◆ **WHAT YOU HAVE TO DO**:
Look in the material below for the line holding "Dandy Nerve Hook, Angled". Set it down exactly, with each later line up to and including the line holding "Residence Molveno 3".

◆ **RAW DATA**:
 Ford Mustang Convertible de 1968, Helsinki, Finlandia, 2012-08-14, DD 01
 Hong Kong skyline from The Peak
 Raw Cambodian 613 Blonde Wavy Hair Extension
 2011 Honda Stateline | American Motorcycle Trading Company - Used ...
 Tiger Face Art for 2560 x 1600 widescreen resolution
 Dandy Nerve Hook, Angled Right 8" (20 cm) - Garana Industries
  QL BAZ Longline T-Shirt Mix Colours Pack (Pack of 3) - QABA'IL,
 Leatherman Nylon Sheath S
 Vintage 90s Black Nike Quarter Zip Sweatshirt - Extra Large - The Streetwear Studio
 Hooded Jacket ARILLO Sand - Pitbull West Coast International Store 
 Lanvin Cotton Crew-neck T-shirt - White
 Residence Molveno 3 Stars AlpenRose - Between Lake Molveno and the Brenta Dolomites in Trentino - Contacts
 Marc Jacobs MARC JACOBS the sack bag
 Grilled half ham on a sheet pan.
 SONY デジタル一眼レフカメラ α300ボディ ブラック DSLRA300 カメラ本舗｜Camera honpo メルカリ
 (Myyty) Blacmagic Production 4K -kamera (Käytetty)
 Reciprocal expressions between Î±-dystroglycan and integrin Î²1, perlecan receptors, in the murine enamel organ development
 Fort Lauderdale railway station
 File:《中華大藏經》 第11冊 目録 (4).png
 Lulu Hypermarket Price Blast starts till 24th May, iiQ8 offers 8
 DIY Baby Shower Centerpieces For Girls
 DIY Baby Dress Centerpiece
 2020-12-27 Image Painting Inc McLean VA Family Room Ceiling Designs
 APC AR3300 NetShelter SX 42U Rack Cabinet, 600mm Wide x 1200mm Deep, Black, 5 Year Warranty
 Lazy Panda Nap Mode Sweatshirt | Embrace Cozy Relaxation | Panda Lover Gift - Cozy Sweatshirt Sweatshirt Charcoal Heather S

◆ **WRITTEN RESPONSE**:
 Dandy Nerve Hook, Angled Right 8" (20 cm) - Garana Industries
  QL BAZ Longline T-Shirt Mix Colours Pack (Pack of 3) - QABA'IL,
 Leatherman Nylon Sheath S
 Vintage 90s Black Nike Quarter Zip Sweatshirt - Extra Large - The Streetwear Studio
 Hooded Jacket ARILLO Sand - Pitbull West Coast International Store 
 Lanvin Cotton Crew-neck T-shirt - White
 Residence Molveno 3 Stars AlpenRose - Between Lake Molveno and the Brenta Dolomites in Trentino - Contacts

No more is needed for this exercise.